§ **Task objective**
An exact transcription is needed, beginning at the line with "NEW Prebuilt 2WD Lawn Mower IG52 DB SOLD" and ending at the last line of the listing, with pictures left out and nothing else added.

§ **Data extract**
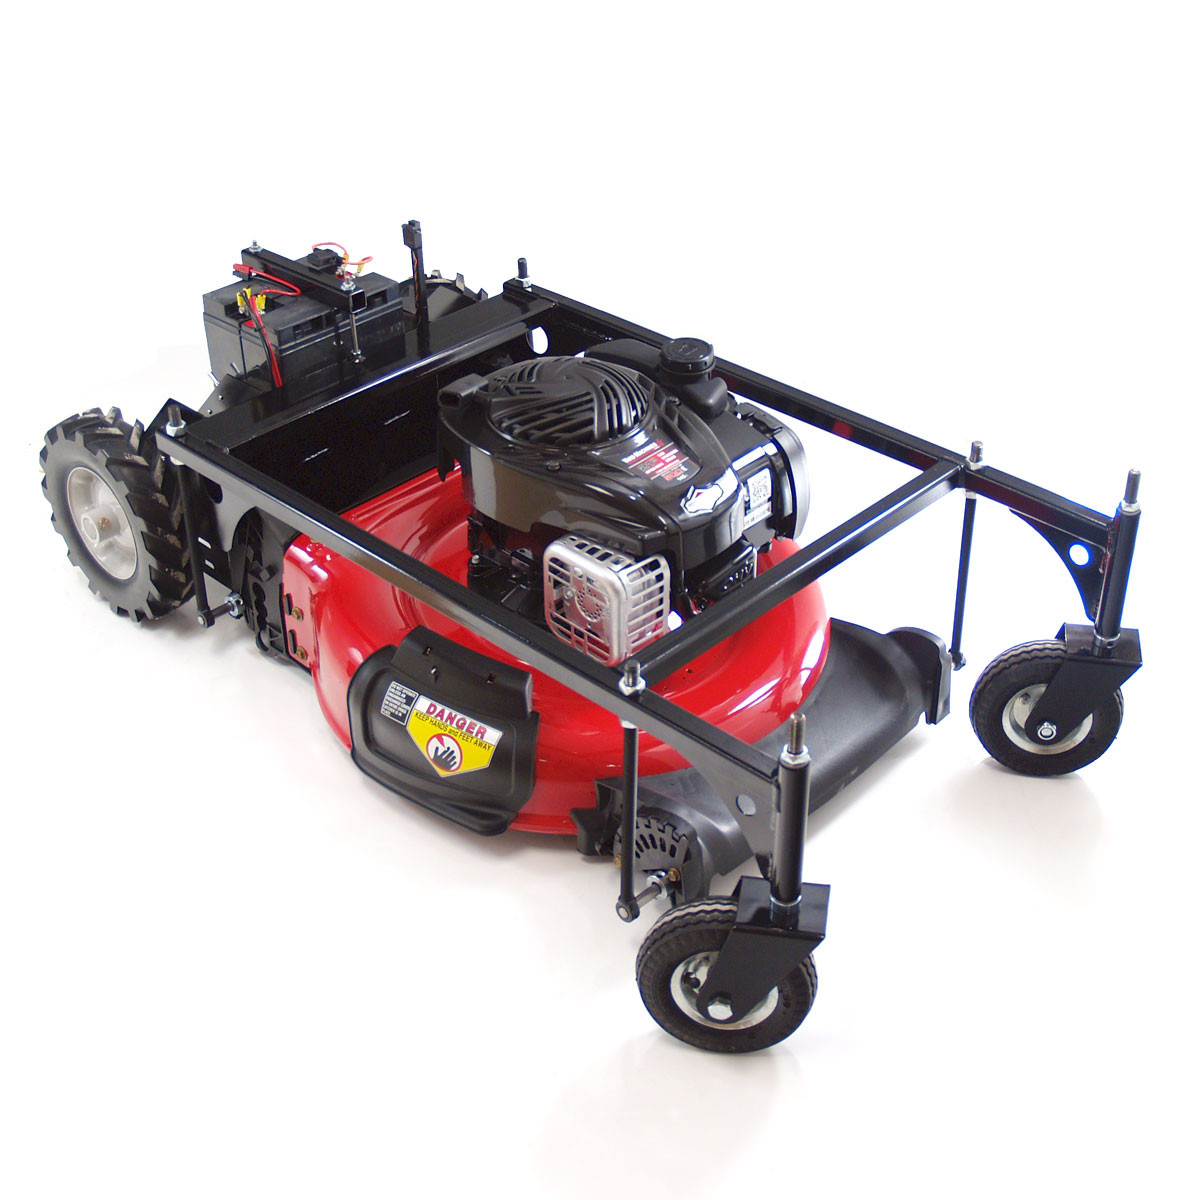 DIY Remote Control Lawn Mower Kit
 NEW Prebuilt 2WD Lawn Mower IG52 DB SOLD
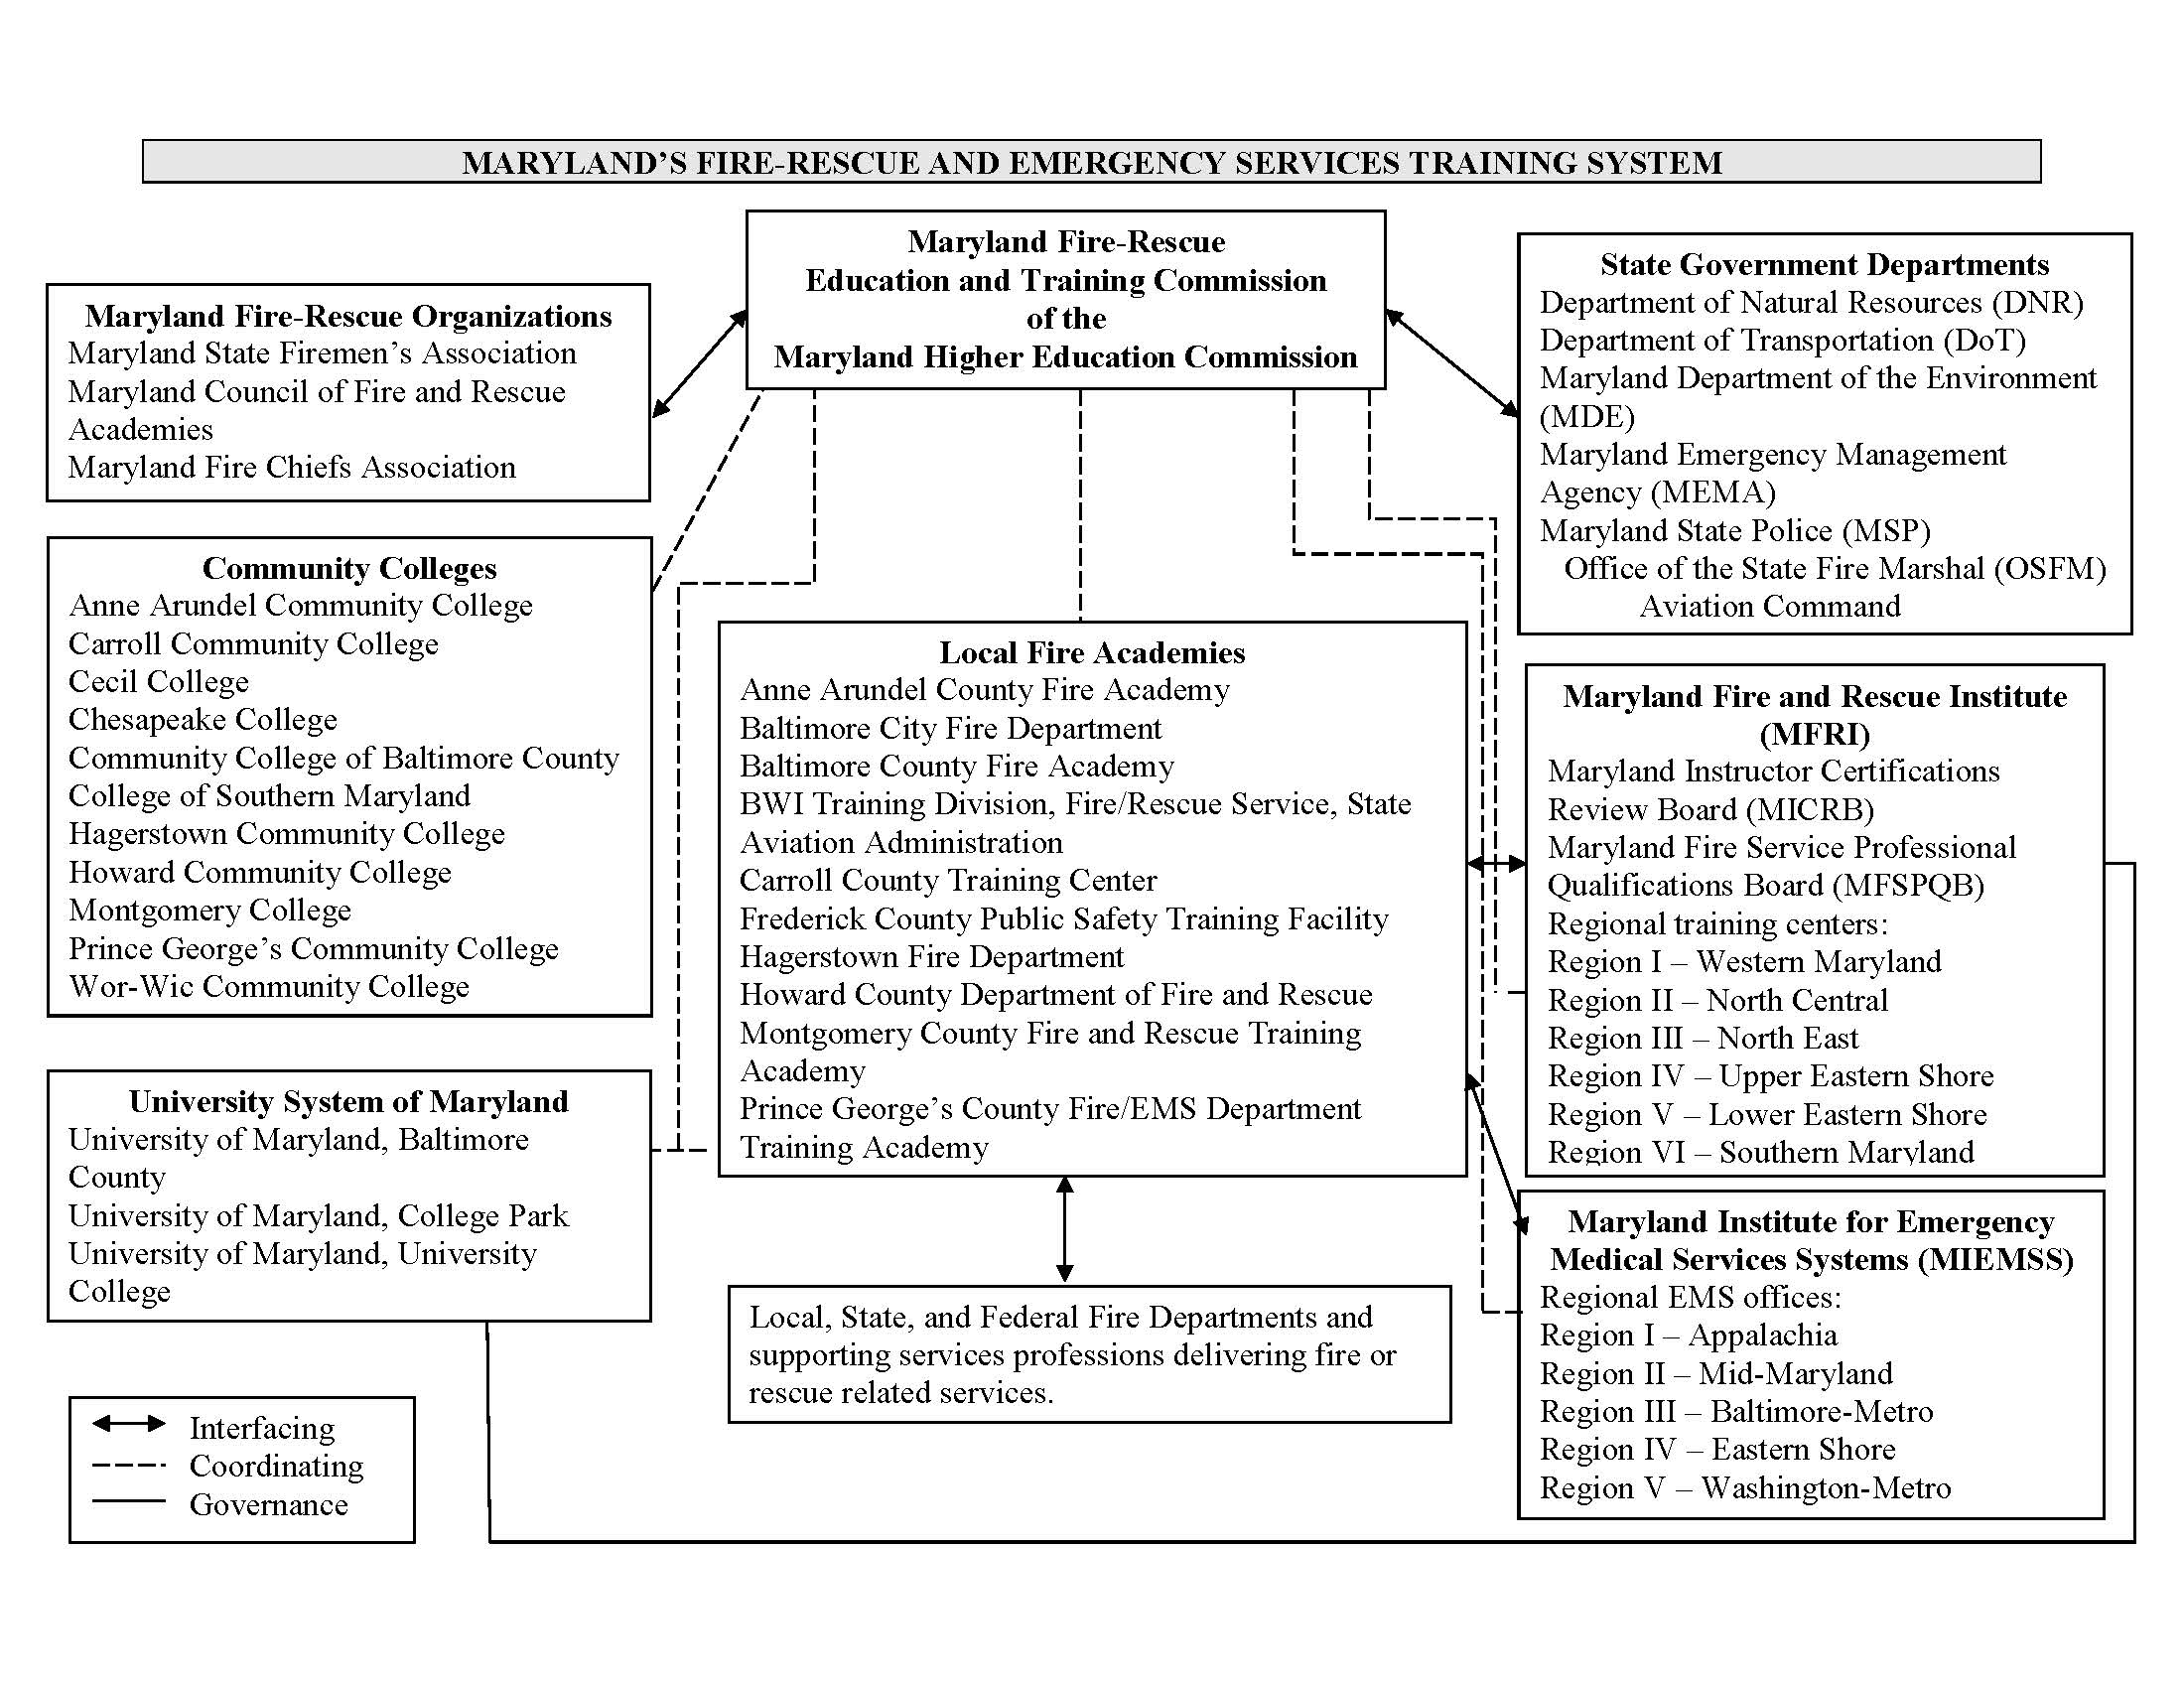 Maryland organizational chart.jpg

§ **Answer to the exercise**
 NEW Prebuilt 2WD Lawn Mower IG52 DB SOLD
 Maryland organizational chart.jpg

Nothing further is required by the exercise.